# Keyboard mapping problem

## rolypoly

Just discovered a keyboard mapping problem, which I think has only happened since I moved from xf86-input-keyboard to xf86-input-evdev

On my local machine, the cursor keys work perfectly, however, when I use VirtualBox or a Citrix session, my left cursor key becomes the right-alt key.

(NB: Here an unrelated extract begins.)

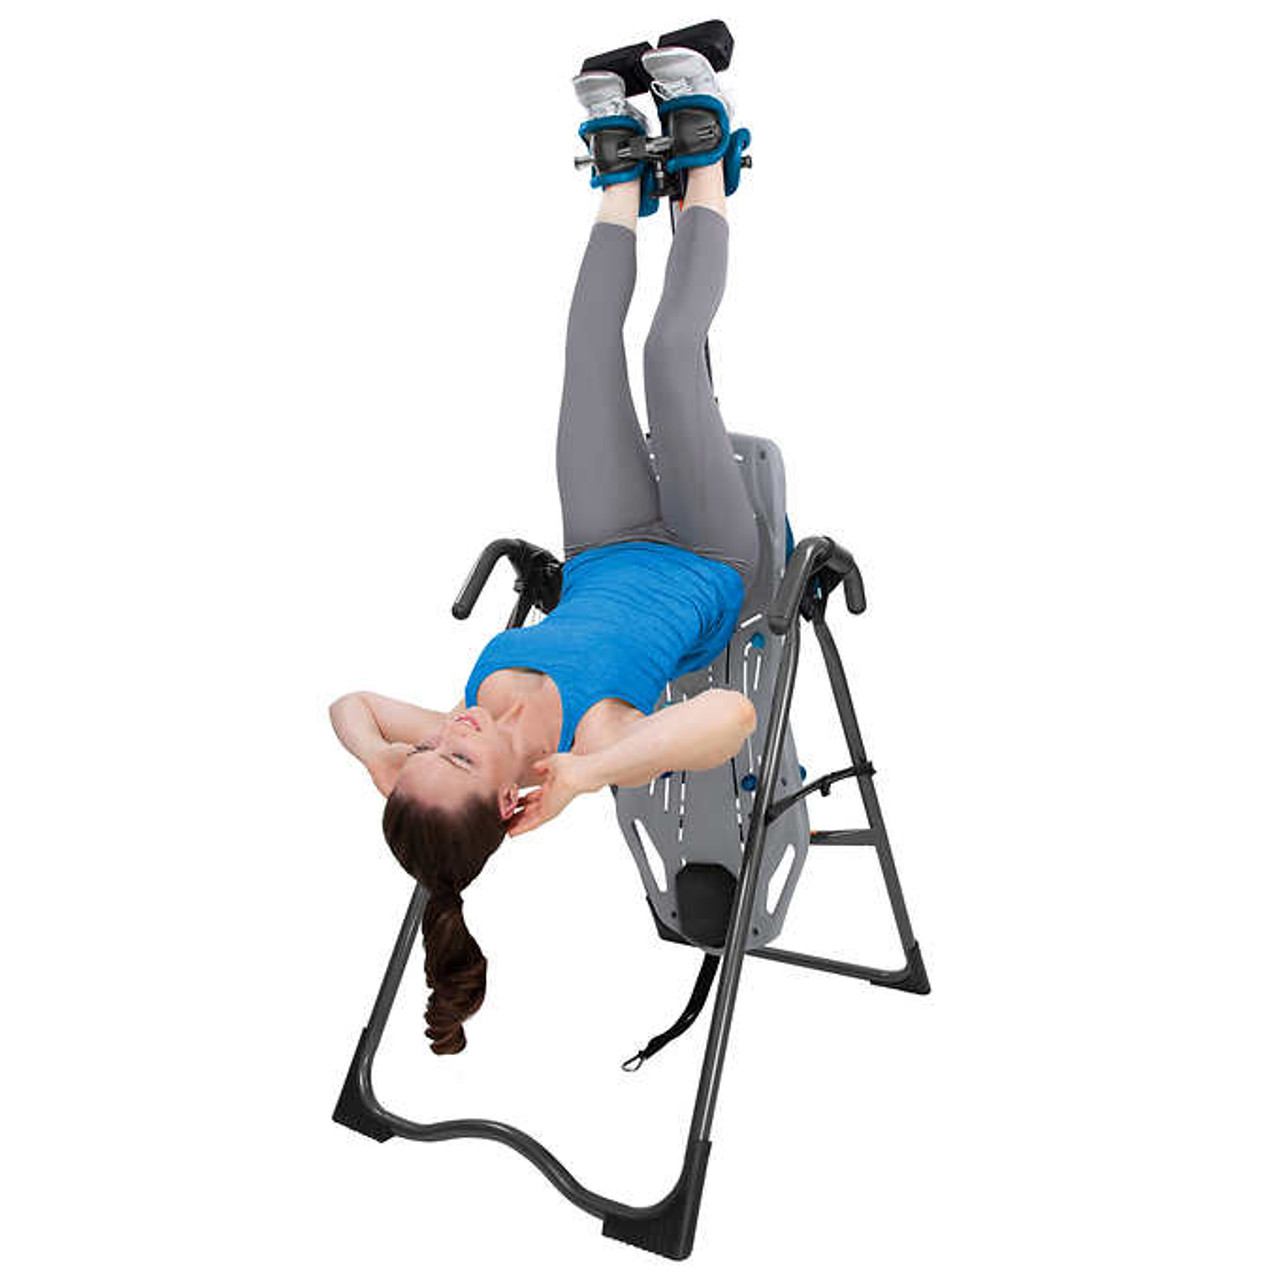 Teeter Fitspine X1F Inversion Table - Premium Inversion Therapy with FitSpine FlexTech Bed - Chicken Pieces

I've run xev to look a the key codes and can see that on the local machine I'm actually getting to key values for a single press, as below:

```
KeyPress event, serial 34, synthetic NO, window 0x5400001,

    root 0x1ad, subw 0x0, time 3183478315, (166,37), root:(170,769),

    state 0x0, keycode 113 (keysym 0xffea, Alt_R), same_screen YES,

    XLookupString gives 0 bytes: 

    XmbLookupString gives 0 bytes: 

    XFilterEvent returns: False

MappingNotify event, serial 34, synthetic NO, window 0x0,

    request MappingKeyboard, first_keycode 8, count 248

KeyPress event, serial 34, synthetic NO, window 0x5400001,

    root 0x1ad, subw 0x0, time 3183478315, (166,37), root:(170,769),

    state 0x0, keycode 100 (keysym 0xff51, Left), same_screen YES,

    XLookupString gives 0 bytes: 

    XmbLookupString gives 0 bytes: 

    XFilterEvent returns: False

MappingNotify event, serial 36, synthetic NO, window 0x0,

    request MappingKeyboard, first_keycode 8, count 248

KeyRelease event, serial 36, synthetic NO, window 0x5400001,

    root 0x1ad, subw 0x0, time 3183478400, (166,37), root:(170,769),

    state 0x0, keycode 113 (keysym 0xffea, Alt_R), same_screen YES,

    XLookupString gives 0 bytes: 

    XFilterEvent returns: False

MappingNotify event, serial 36, synthetic NO, window 0x0,

    request MappingKeyboard, first_keycode 8, count 248

KeyRelease event, serial 36, synthetic NO, window 0x5400001,

    root 0x1ad, subw 0x0, time 3183478400, (166,37), root:(170,769),

    state 0x0, keycode 100 (keysym 0xff51, Left), same_screen YES,

    XLookupString gives 0 bytes: 

    XFilterEvent returns: False

```

So it seems that locally, the machine doesn't care about getting an Alt_R before a left, so when I edit a document and press the left cursor key to navigate around a document the cursor moves left. But in a Citrix session or a VirtualBox VM, it traps the Alt_R and not the left cursor key.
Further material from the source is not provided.